Beverage company based in Lithuania

Švyturys-Utenos Alus UAB is a Lithuanian beverage company. It comprises the two largest breweries in Lithuania – Švyturys in Klaipėda and Utenos Alus in Utena – and specialised establishments nationwide.

In 1999, most of the shares in Lithuania's two leading breweries were bought by Denmark-based Carlsberg A/S, the world's fourth-largest beer producer. In 2001, the breweries of Švyturys and Utenos Alus were merged into Švyturys-Utenos Alus UAB, which became a part of the Carlsberg Group in 2008.

Švyturys-Utenos Alus UAB produces beer, beer cocktails, cider, alcoholic cocktails, soft drinks, drinking water and kvass. The company sold over 185 million liters of beer in 2014. Švyturys-Utenos Alus UAB also exports beverages worldwide – almost to 30 countries around the globe.

==Key facts==

- In 1784, the Švyturys Brewery was established in Klaipėda.
- In 1977, the Utenos Alus Brewery started operating in Utena.
- In 1997, Baltic Beverages Holding (BBH), controlled at the time by the companies Hartwall (Finland) and Orkla (Norway), became the main shareholder in the Utenos Alus Brewery.
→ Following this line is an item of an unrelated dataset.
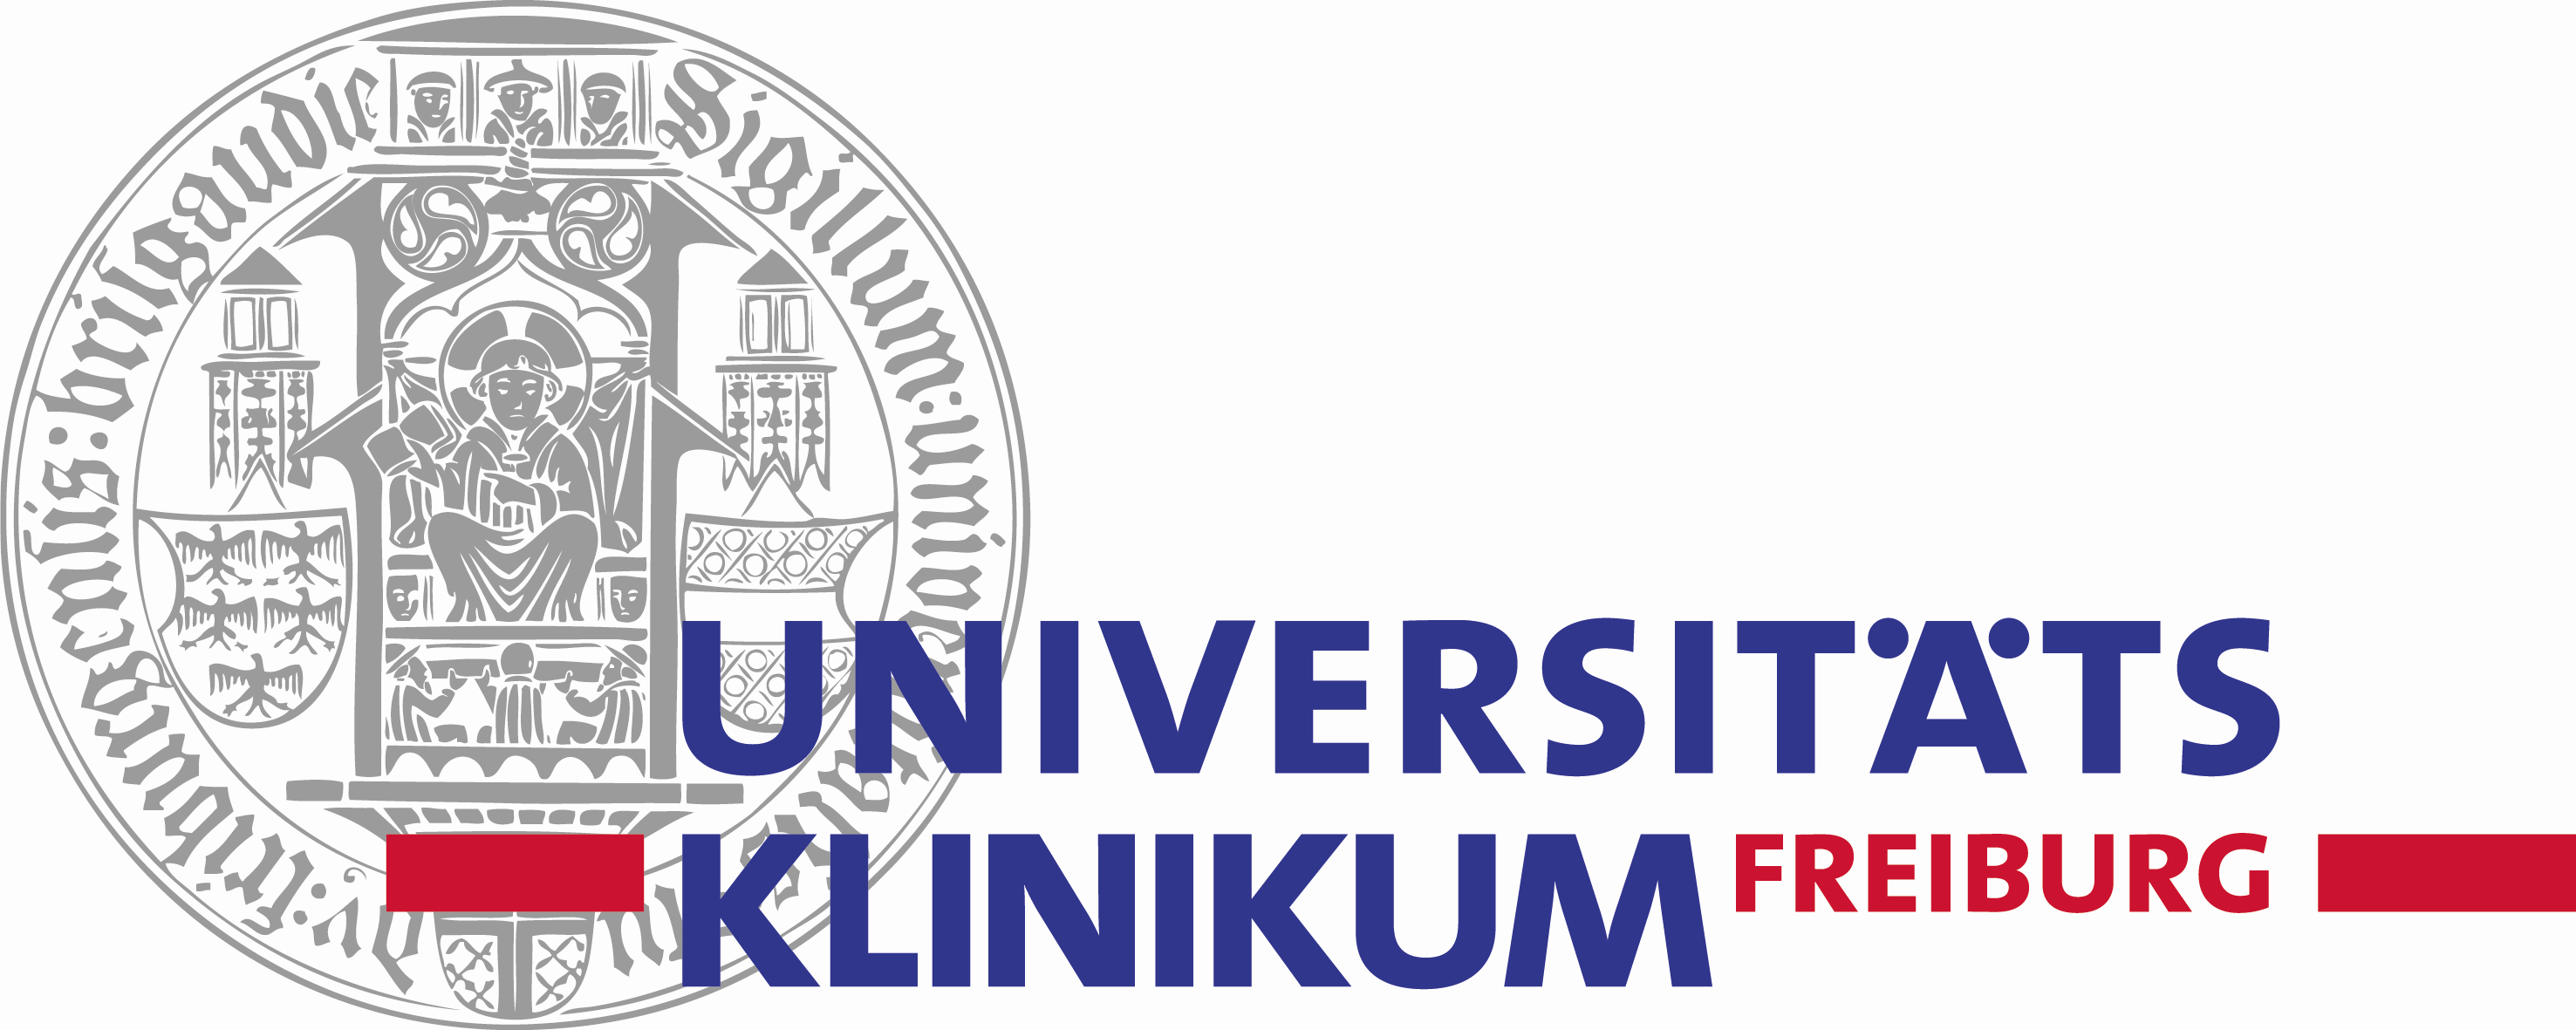 Logo Uniklinik Freiburg

BBH already controlled the Kalnapilis Brewery in Panevėžys.
- In 1999, Carlsberg A/S acquired 95 per cent of the shares in Švyturys AB.
- In 1999, Švyturys became the main sponsor of Lithuania's national basketball team.
- In 2000, Carlsberg A/S merged with Norway-based Orkla and thus acquired control of the three largest Lithuanian breweries – Švyturys, Kalnapilis and Utenos Alus.
- In 2001, BBH sold Kalnapilis to the Denmark-based Danish Brewery Group (now The Royal Unibrew), under an order from the Lithuanian Competition Council.
- In 2001, BBH merged Švyturys and Utenos Alus into accompany with share capital called Švyturys-Utenos Alus AB.
- In 2003, Švyturys-Utenos Alus AB was restructured to become private limited company Švyturys-Utenos Alus UAB.
- According to a 2004 survey by AC Nielsen, Švyturys and Utenos Alus are the two strongest brands in the Lithuanian beer industry and deserve the most national pride.
- In 2004, Švyturys-Utenos Alus signed a long-term sponsorship agreement with the Lithuanian National Olympic Committee.
- In 2006, Švyturys-Utenos Alus joined the international Global Compact initiative.
- In 2008, the Carlsberg Group bought the shares that British company Scottish & Newcastle held in BBH and thus acquired a controlling stake in Švyturys-Utenos Alus UAB.

==Production==

Švyturys-Utenos Alus makes the following products: beer, beer cocktails, cider, alcoholic cocktails, drinking water, soft drinks and kvass.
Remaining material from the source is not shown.